At 50 I am one of the oldest men on the planet. The disease was especially prevalent in people over the age of 30. Almost all of them died, suffocated, the fluorescent pollen of the plants got into the lungs, and nobody surpassed the week of illness. Half of Spain had died within 15 days of being in the hospital, and the same thing happened in the rest of the world. Allergy was more active in the big cities, where pollution and co2 helped their great expansion. Europe, Asia, Africa and America soon became infected. Australia withstood a few months. But not even the naval and air blockade could cope with the allergy. Fluorescent pollen reached everyone except a few islands in the Arctic and Antarctica.
But not everything is so bad; society is much more dynamic than before, full of opportunities for young people surviving. There is plenty of work and housing for everyone. Migrants are welcome and given all kinds of facilities, but many prefer to stay in their country, where there are so many things to do. The great problems of the pre-allergic world no longer make any sense. Pensions no longer exist; 99% of pensioners have died. Nor is there a housing problem; there are hundreds of thousands of abandoned houses all over the world. Mortgages? They were simply forgotten in the chaos of fluorescent death... All cars are electric because the internal combustion cars fed the disease with their gases.

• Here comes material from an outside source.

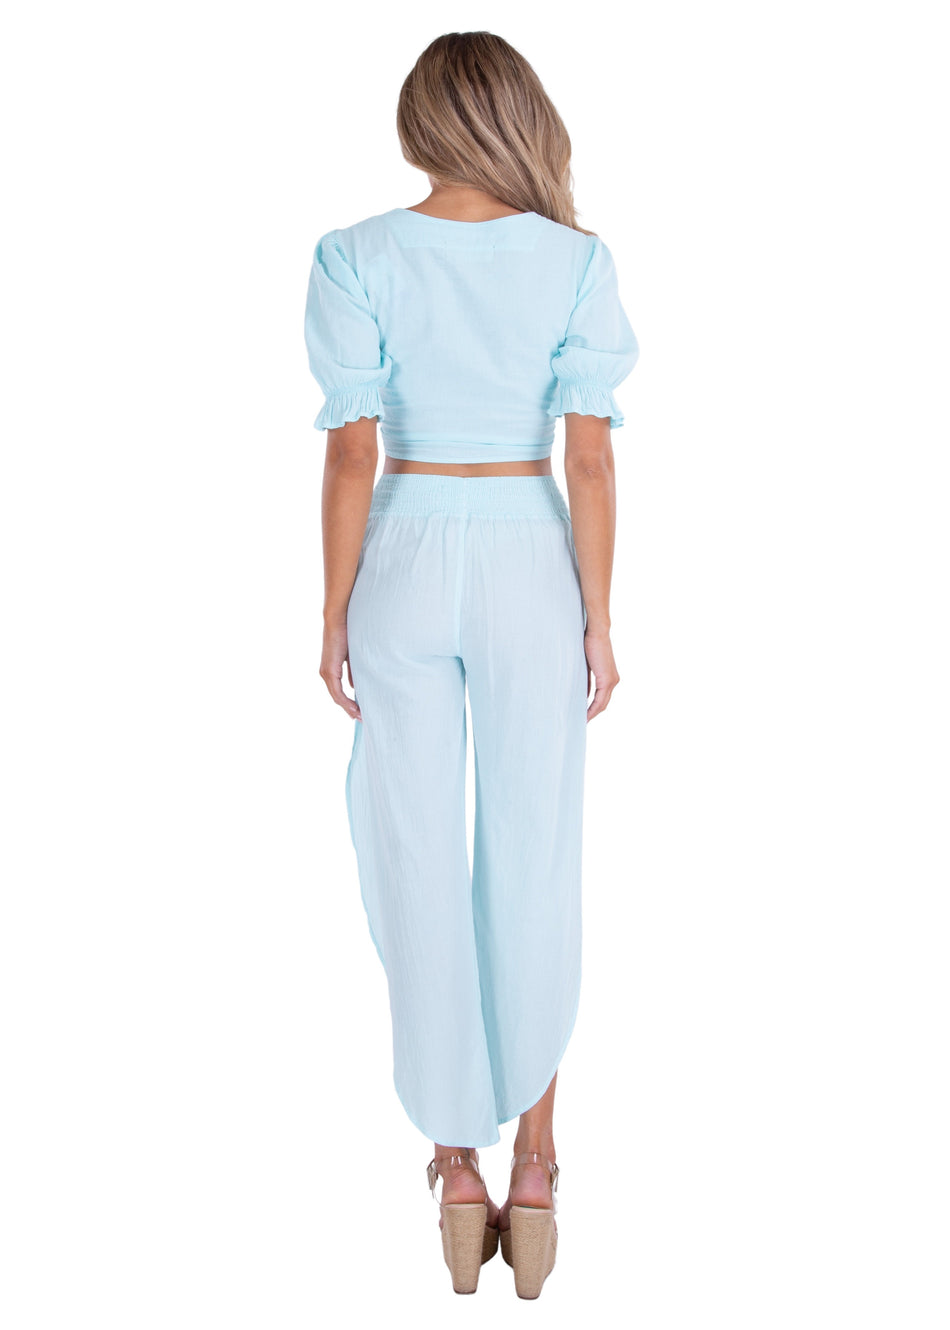 NW1348 - Baby Turquoise Cotton Top

But not everything is so beautiful. Racism has grown alarmingly. Let me explain. In this new world, there are three types of human beings. The immune ones, who are the majority, young people who were able to adapt to pollen and survived. They are the working people who keep the world going and they are in charge of the middle posts of the World Union, the new political organization that emerged after the epidemic. Then there's us, the survivors. We are the ones who overcame the disease but left us with sequels, like that damned fluorescence in the lungs, heart and brain. During the day you don't notice it, but at night you do, and a lot. I know that they look at us badly, that they think we are to blame for the apocalypse. We all know it's not true but the idea is there and I notice the hostility in the environment when people realize my color. Finally, there are the non-contaminated. They are the world's elite (politicians, bankers, top businessmen). They fled from the infected areas and took refuge in some islands of the Arctic, where they knew that pollen would not arrive. There aren't many, but they still control the world from up there, in the remote north. But they live in fear because there is no cure for the disease. If for some reason, the pollen reached their shelters, they would die in a few days. And they know it very well, that's why there are so many security checks to get to their islands. For example, I can never go. Totally forbidden, because I am who I am, patient 0.

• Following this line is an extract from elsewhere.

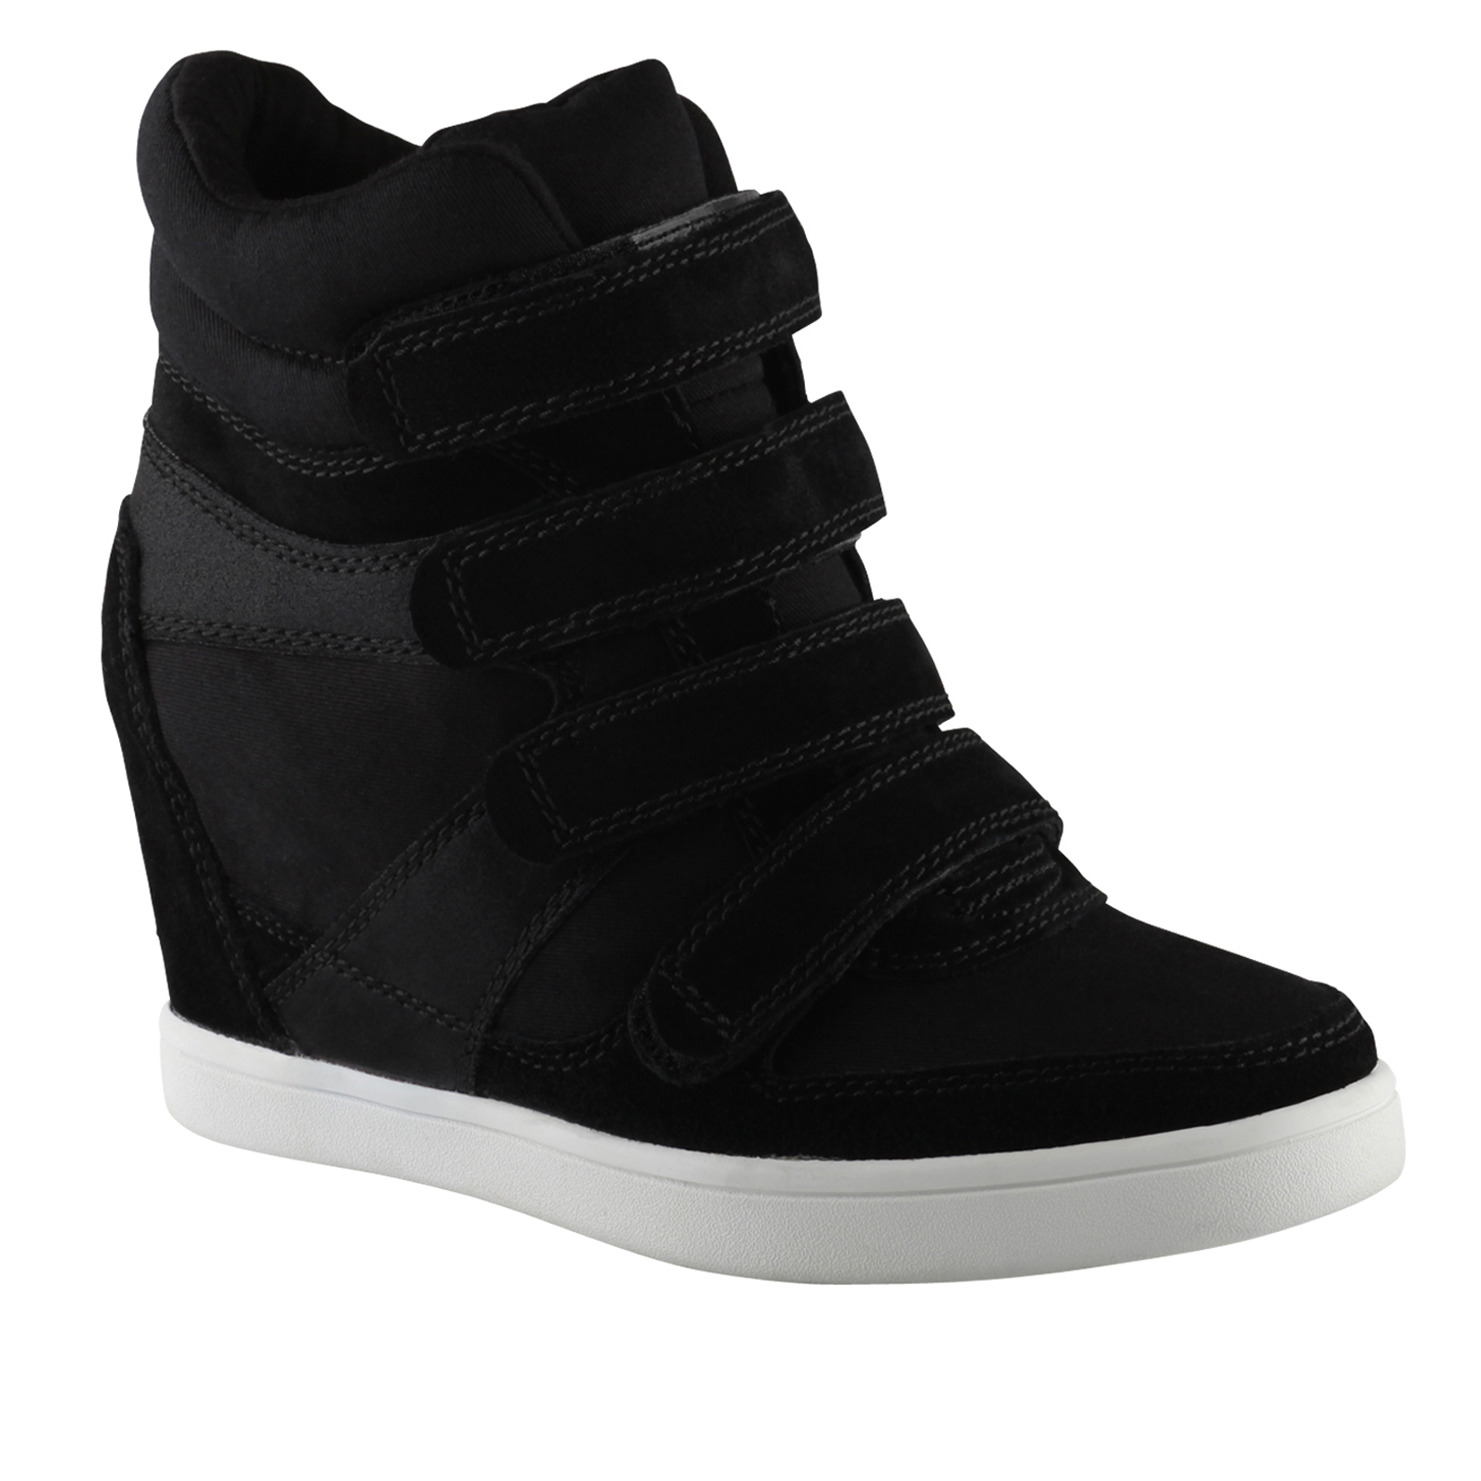 Chism Wedge Sneaker in Black Suede (above) and Camel (below), 80.00

I think the time has come for me to tell you more about my current life. Things are going well for me. The fluorescence in my chest doesn't bother me too much, although it does bother most of the immune people I've met. I feel their hostility for being different and having infected me.
But being patient 0 has its advantages. I travel a lot, and everything is paid for. I go to medical conferences, and they do interviews for some media and tv. I'm kind of a media star. My white beard makes me very recognizable How quickly people forget how many old people there were at the beginning of the 21st century. Now I'm something special because I'm 50 years old, but not long ago, nothing was abnormal about me. I'm part of the baby boom generation ravaged by the pandemic. But I survived. We are 0.1% of the current population of the planet. A small minority without political representation and with many prejudices about us.